Итак, расширив понятие знания, вернее, выявив его скрытые корни, мы пришли к заключению о познаваемости ноуменального мира. (Важно подчеркнуть, что именно «я» является той дверью, которая открывает для нас мир ноуменов.) Логика рассуждений Канта, напротив, привела его к абсолютизации различий между миром феноменов и миром ноуменов и закономерному выводу о невозможности интеллектуального преодоления этого онтологического разрыва. Тем большего внимания заслуживает тот факт, что, невзирая на кажущуюся убедительность собственных логических построений, Кант по сути отказался от них и постулировал необходимость нравственного закона, выражающего абсолютные этические истины, которые, чтобы быть таковыми, должны опираться на законы ноуменального мира. Далее из безусловной обязательности моральных норм Кант последовательно выводит постулаты о свободе воли, бессмертии души и существовании Бога, фактически восстанавливая метафизику в ее правах. Таким образом, Кант, подобно библейскому Валааму, желая «проклясть» метафизический подход к познанию, в итоге его благословил.
Гегель, можно сказать, продолжил дело Канта по «исправлению» философии и трансформации ее в некое подобие науки. Однако если Кант пытался в каком-то смысле примирить априорную познавательную деятельность чистого разума и познание на основе опыта, четко разграничив их сферы приложения, то Гегель возвысил чистое мышление над опытом, придав ему «научное основание» — диалектический метод, с помощью которого осуществляется переход одних понятий в другие. Эта обособленная жизнь понятий для гегелевской философии имеет гораздо большее значение, чем явления реальной жизни. В этом смысле характерна приписываемая Гегелю фраза: «Если факты противоречат моей теории, тем хуже для фактов». И действительно, кажется, что кантовская критика спекулятивного мышления, во многом вполне справедливая, была Гегелем совершенно проигнорирована.

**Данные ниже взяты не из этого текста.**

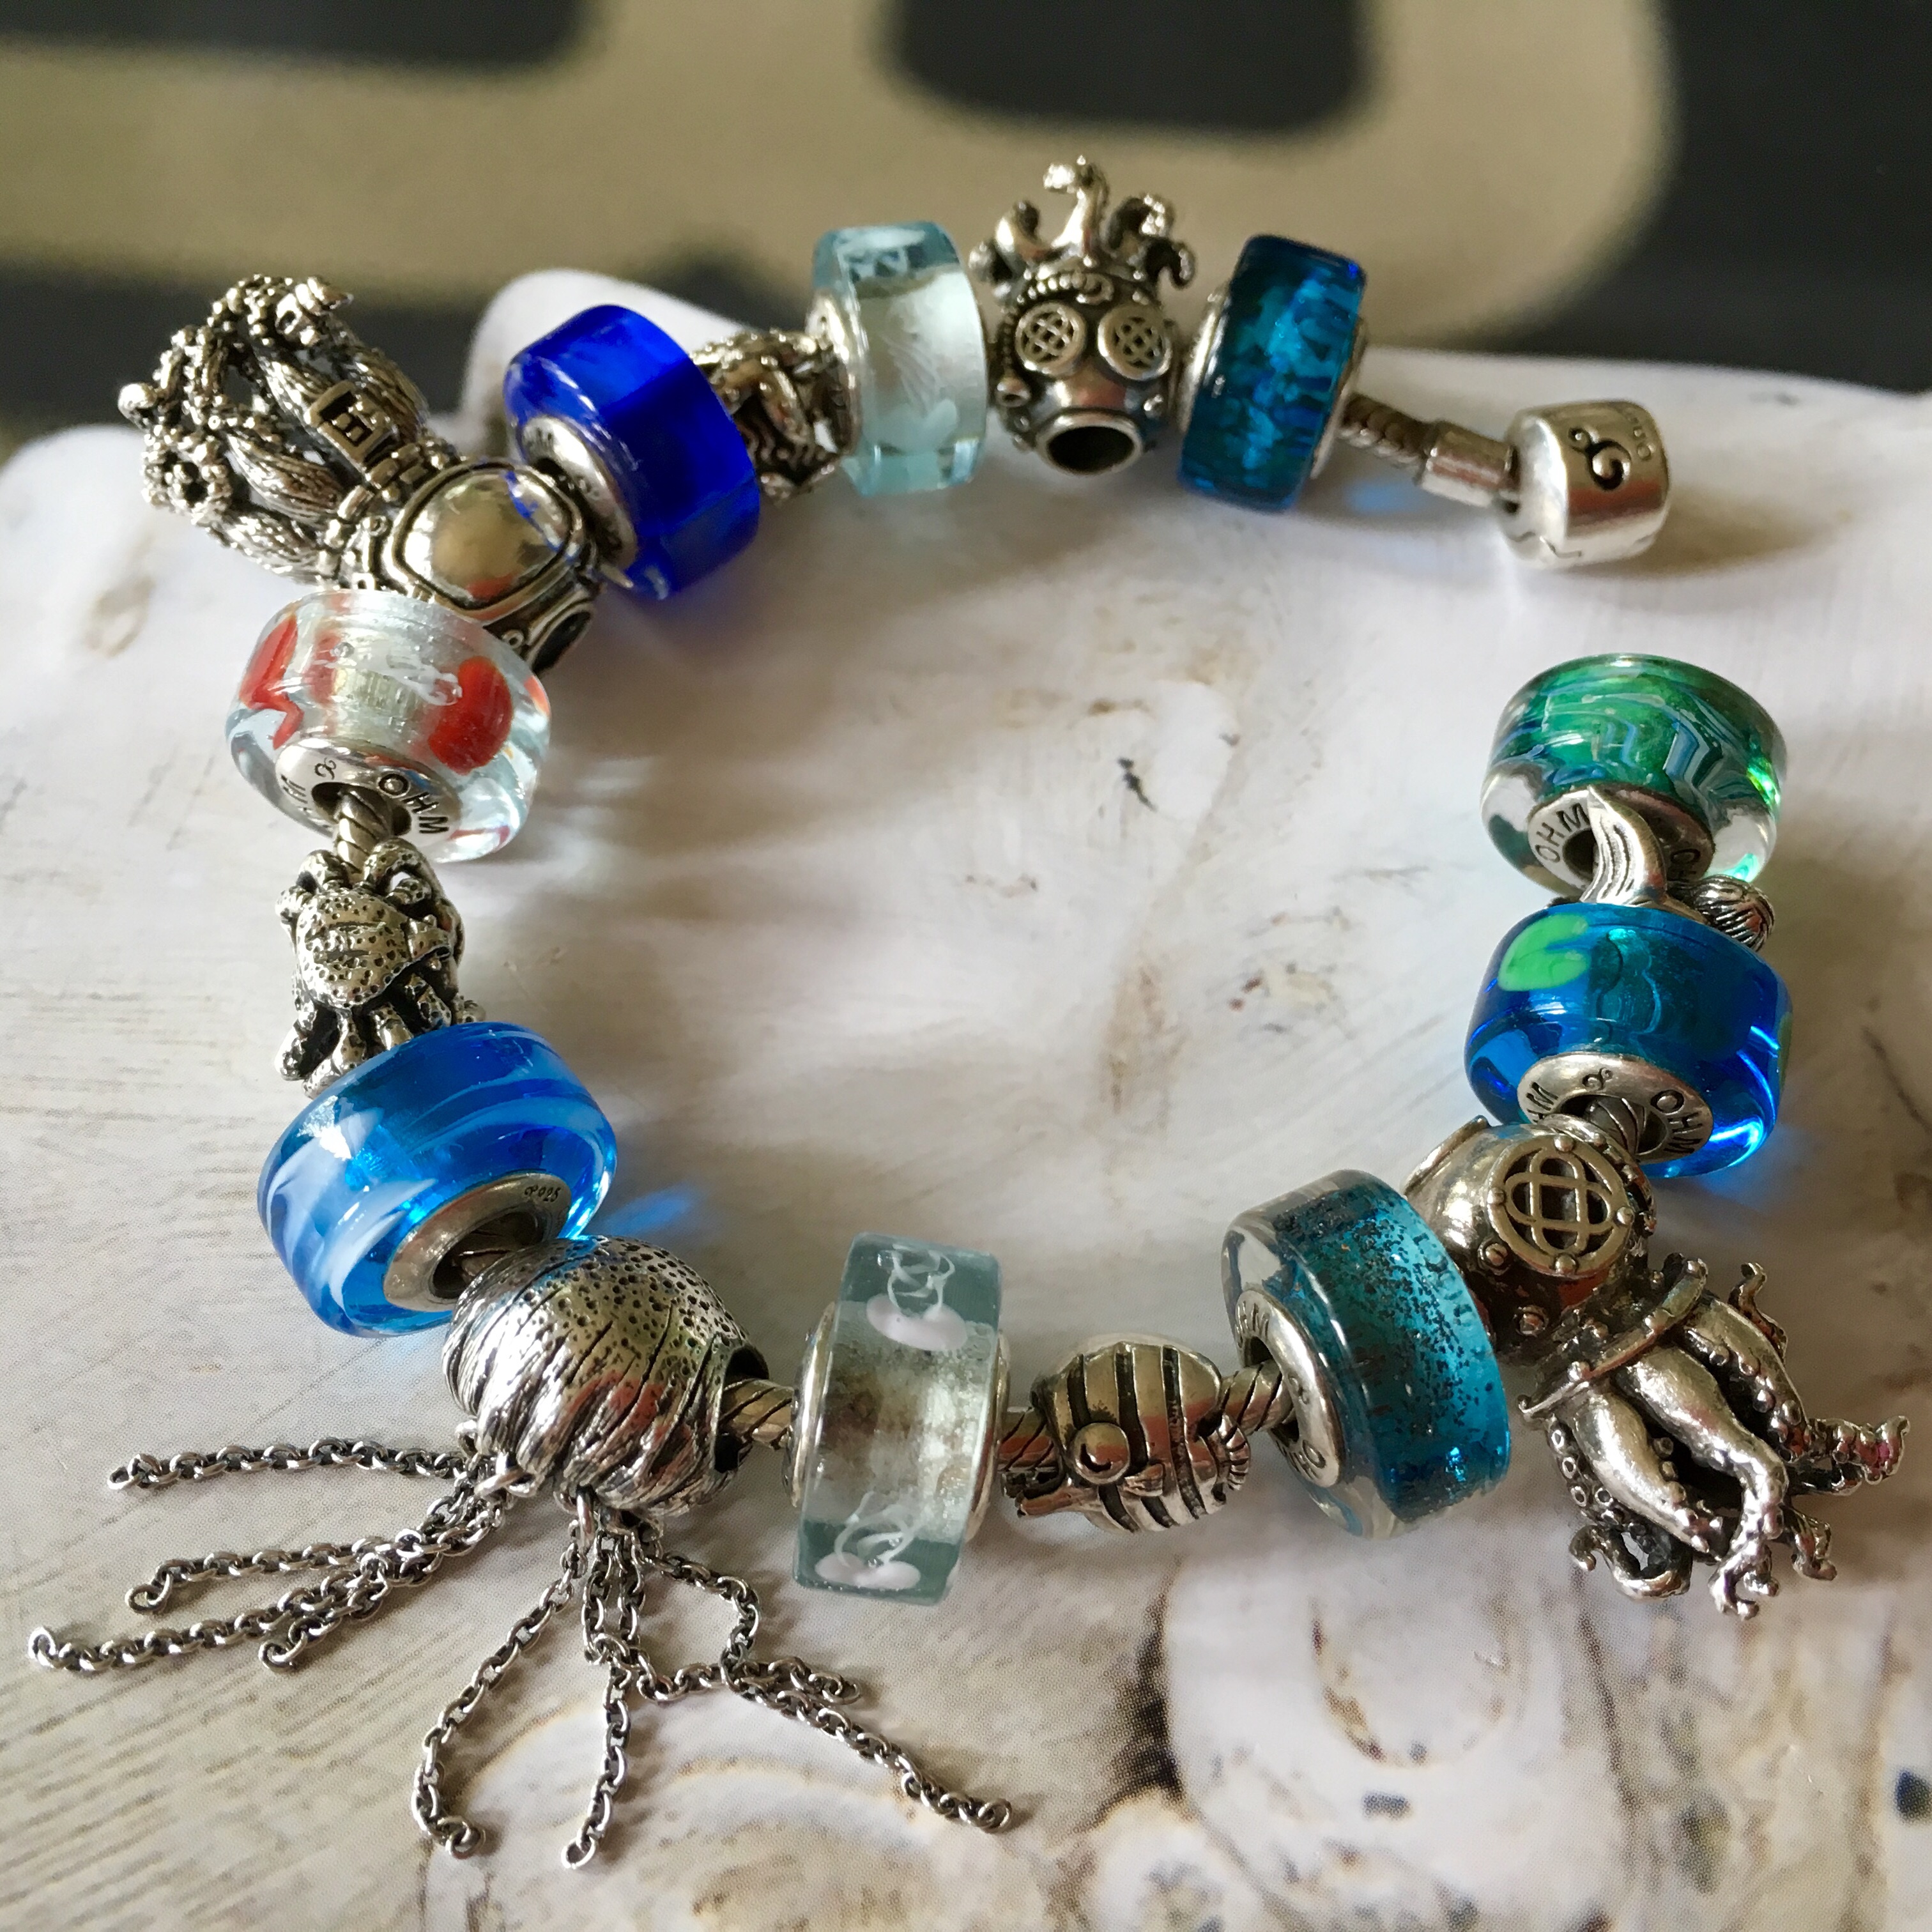 OHM (Jelly)fish Stories – Trudy's charms 'n beads

В сущности, Кант и Гегель оказались приверженцами двух крайних позиций: первый чересчур скептично оценивал возможности разума, преувеличивая его зависимость от непосредственных данных внешнего опыта, второй же явно переоценивал нашу способность адекватно оперировать понятиями в отрыве от опыта. Гегелевский мир понятий, дистиллированный от всего единичного, достигает пределов абстрактности и становится своеобразным апофеозом платонизма с его идеями-первообразами. И если у Платона идеи и эйдосы все же тесно связаны с конкретностью явленного, то гегелевская «абсолютная идея» максимально дистанцирована от своего материального инобытия. Отдавая дань справедливости, надо отметить, что Гегель сумел построить, пожалуй, самую грандиозную философскую систему; однако строение это напоминает причудливую башню из слоновой кости, где легко заблудиться в лабиринте отвлеченных философских понятий и категорий.
Закономерным итогом распространения такого способа философствования стало появление в начале XX века лингвистической теории Людвига Витгенштейна, утверждавшего, что метафизика (иначе говоря, вся старая философия) представляет собой лишь языковую игру, в которой значения слов плохо определимы, и все ее «вечные» вопросы попросту не имеют смысла; то есть наиболее адекватным ответом на эти вопросы будет указание на то, что они неправильно сформулированы. Можно усмотреть некую иронию в том, что если философия Гегеля была изложена в объемистых трудах, то наиболее известное произведение Витгенштейна — «Логико-философский трактат» — являет собой тоненькую брошюру. Это напоминает ситуацию в живописи, где многовековые поиски сюжета и стиля привели к «Черному квадрату», созданному Малевичем примерно в то же время, что и работа Витгенштейна.